From: Tyler Robison (trobison_at_cs.washington.edu)
Date: Mon Nov 17 2003 - 09:18:40 PST
eSPUDD: Stochastic Planning using Decision Diagrams
Jesse Hoey et al
Summary:
The authors present a method to solve MDPs by using ADDs, which in many
(though not all)
cases massively reduces the computational time required.
Important Ideas:
One of the more important aspects of the paper is the significant
way in which the graph
size is reduced when using SPUDD instead of the SPI algorithm. The size
of the graph is of
course extremely important in terms of trying to solve the problem, and if
the figures in the results
section are typical, this method can very substantially reduce graph size.

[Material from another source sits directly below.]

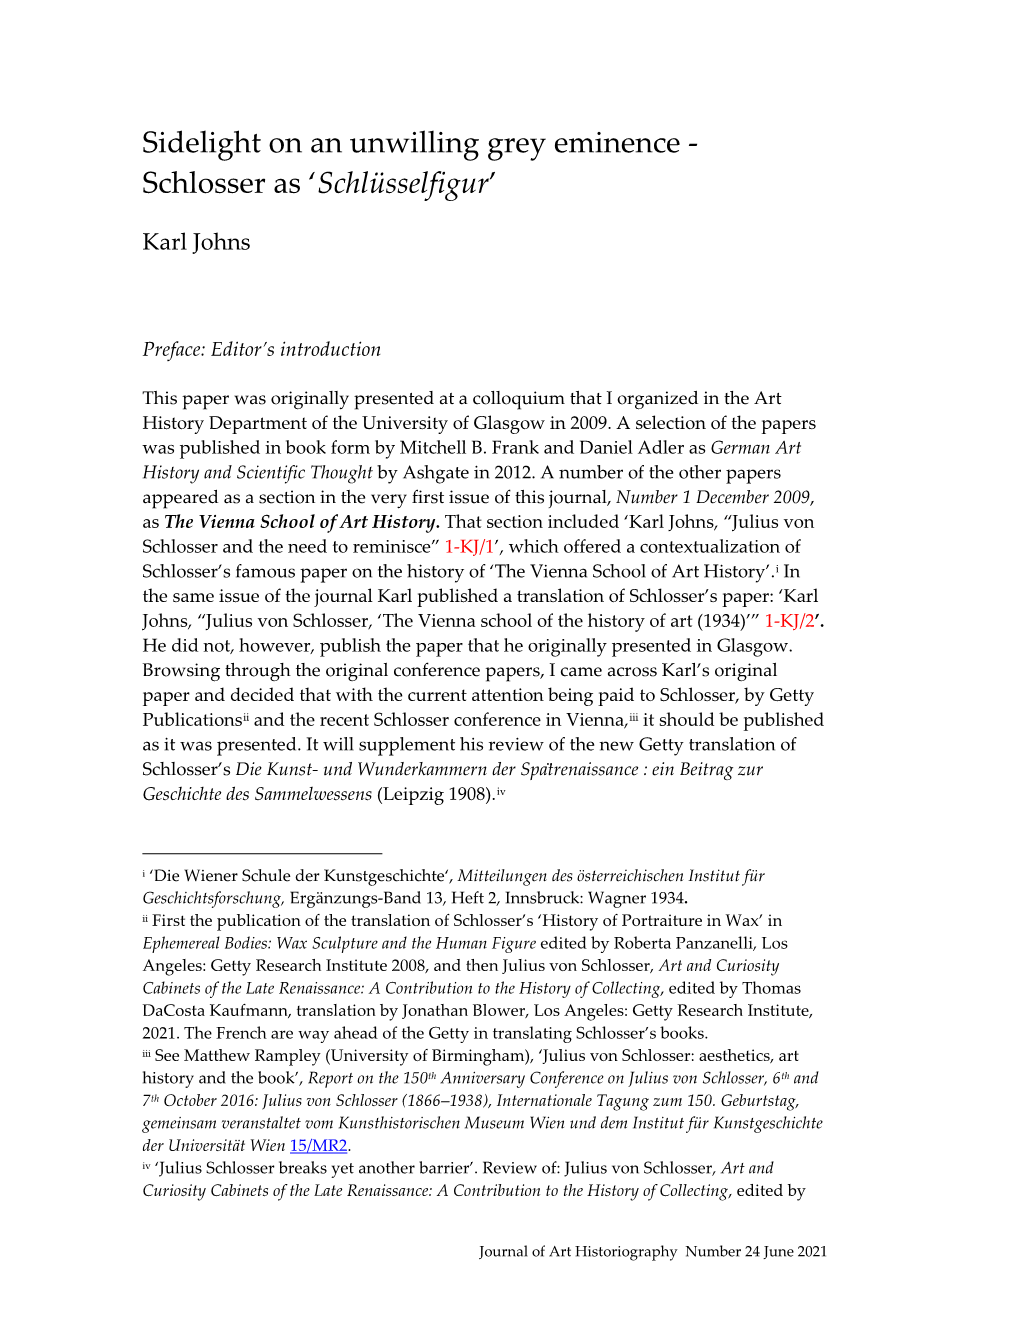 Karl Johns: Sidelight on an Unwilling Grey Eminence - Schlosser As ‘Schlüsselfigur’, Viennese Art Historiography 1854-1938, University of Glasgow, 1-4 October 2009

The optimizations presented are also of importance, as the drive
behind this algorithm is
primarily it's speed. Of particular interest is their use of a 'tuning
knob' to allow fine-tuning of the
optimization.
Flaws:
The flaw that sticks out most in my mind is the limited nature of
their tests; we are given
sets of data from FACTORY examples, and then on the EXPON problem to
collect data on the
worst-case scenario. It is very nice to see that they show us both sides
of the algorithm (where
it has significant gains, and where it does terribly), but it would also
have been helpful to see the
algorithm on more, and more varied, problems (since the FACTORY problems
are all similar).
Another problem, though not an unforgivable one, is the limitation
of ADDs that they can
only represent binary variables. Being able to represent k-ary variables
by using many boolean
variables is a decent solution, but I wonder how much performance will
suffer in extreme cases of
k-ary variables for large k values. Also, it states in the conclusion
that conceptually ADD should
be able to deal with multi-valued variables, yet the authors do not modify
it to do so; we are just told
that it should be fine.
Research Questions:
Seeing the algorithm's performance on more varied tests could help
shed light on its
actual usefulness. The EXPON test to illustrate the worst-case scenario
was helpful, and it would be
more helpful still to see various tests intended to test and highlight
strengths and weaknesses of the
algorithm (using a 1000-ary variable, for example).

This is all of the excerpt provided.